Она позволила ему делать все, что пожелает, охваченная такой лихорадкой, сопротивляться которой не было сил. Его рука нырнула под юбки, путешествуя в неторопливом скольжении от затянутой в чулок икры до обнаженного бедра. Нежно исследуя ее изгибы, он гладил ее внизу, одновременно целуя и лаская сверху. Вокруг колена, вверх по бедру, скользил легкими, неспешными кругами. Обхватив ладонью выпуклость ноги, он стал водить веерообразными движениями большого пальца по внутренней стороне бедра туда-сюда, с каждой лаской усиливая ее щемящую, ноющую боль. Она задрожала, глаза закатились, когда он подул своим обжигающим; дыханием на одну влажную от поцелуев грудь. Его пальцы заскользили, пробираясь выше по бедру. И как раз в тот момент, когда ее затуманенное сознание гадало, куда дальше может переместиться его рука, он остановился.

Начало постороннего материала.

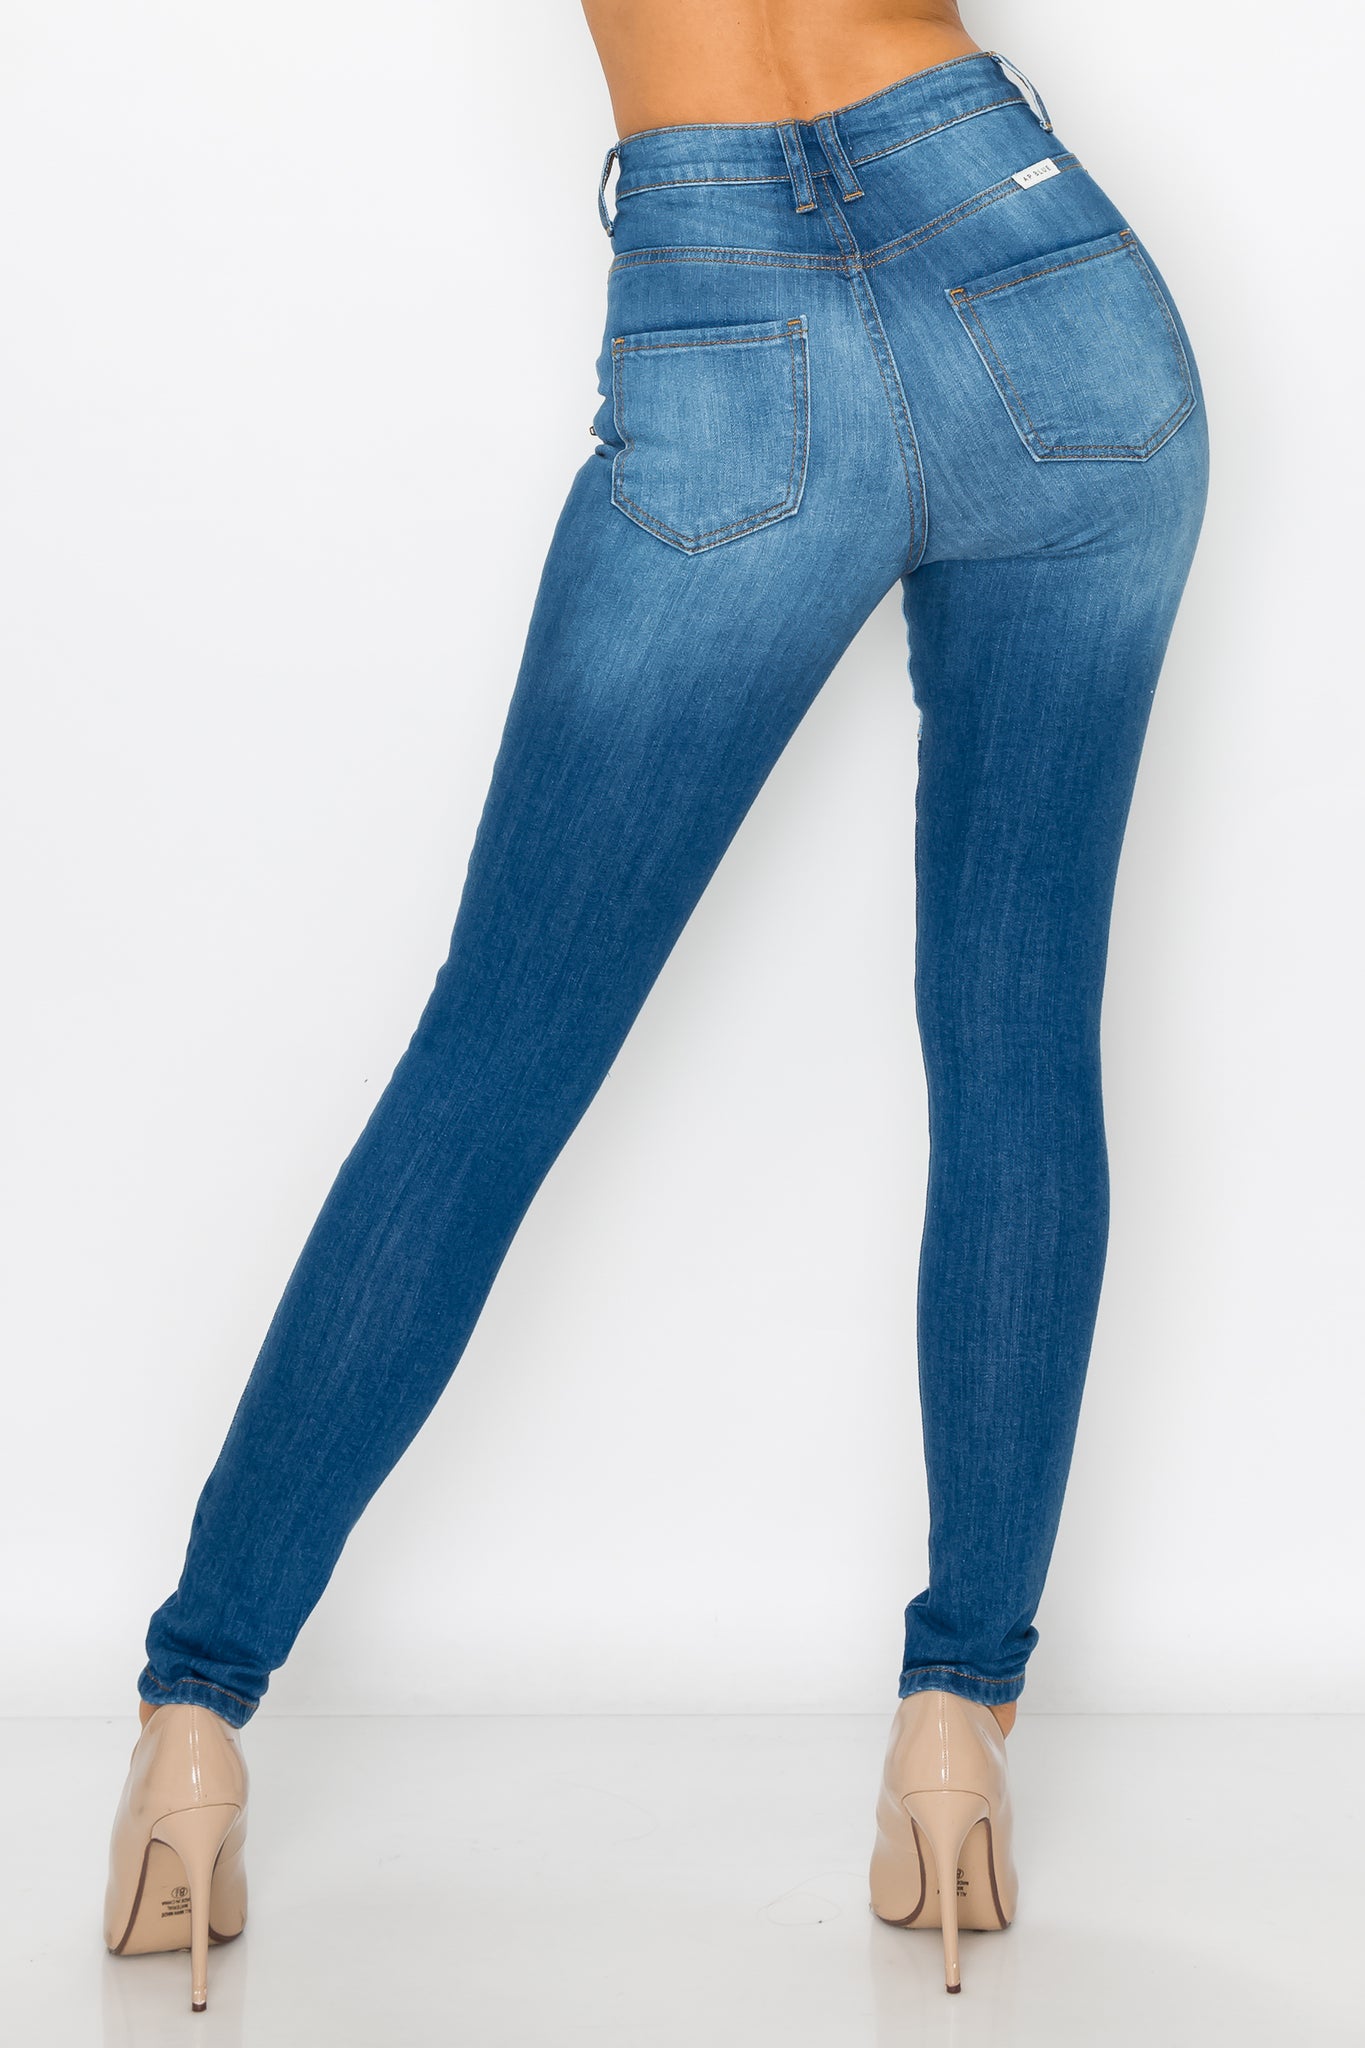 Flare Jeans – Outs Distressed Waisted Cut Aphrodite with Super Jeans High

Пробормотав что-то похожее на ругательство, он сжал пальцы, стиснув их в стальной кулак. Спрятав лицо у нее на груди, он лежал тихо и неподвижно, и дрожь пробегала по его телу, словно внутри его шла какая-то ужасная борьба. Эта внутренняя борьба бушевала несколько долгих, напряженных мгновений до тех пор, пока он, с явной неохотой, не вытащил руку у нее из-под юбок.
Задержавшись, чтобы запечатлеть долгий поцелуй на каждой обнаженной груди, он прерывисто выдохнул и отодвинулся.
Без укрывающего тепла его объятий Элиза лежала, сбитая с толку и покинутая, в смятении от того, что он так поспешно покинул ее.
– Кит?
Краем глаза она заметила, что он сидит, подняв колено и прикрыв лицо рукой, словно во власти какой-то ужасной агонии.
– Кит, вернись.
«Да, – подумала она, – пожалуйста, пожалуйста, вернись».
Раздвинув прикрывающие лицо пальцы, он выглянул в образовавшиеся щели.
– Не могу, моя дорогая. Мы должны остановиться.
Но почему, недоумевала она, когда все, что он делал, было таким бесподобным – каждое его прикосновение, каждый поцелуй?
– Но я не хочу, – пожаловалась она, надув губки, наверное, впервые в жизни.
Он улыбнулся одним уголком рта:
– Я тоже не хочу, но мы должны. Мы не смеем заходить дальше. – Он помолчал, сделал глубокий вдох, затем медленно выдохнул. – В любом случае у нас еще будут и другие возможности, ведь впереди еще уроки. Нет нужды слишком торопить события.
Уроки?
Их любовная игра настолько превзошла все ее фантазии и ожидания, все ее чувства и ощущения настолько сосредоточились на Ките и чистейшем блаженстве быть в его объятиях, что она совсем забыла про уроки.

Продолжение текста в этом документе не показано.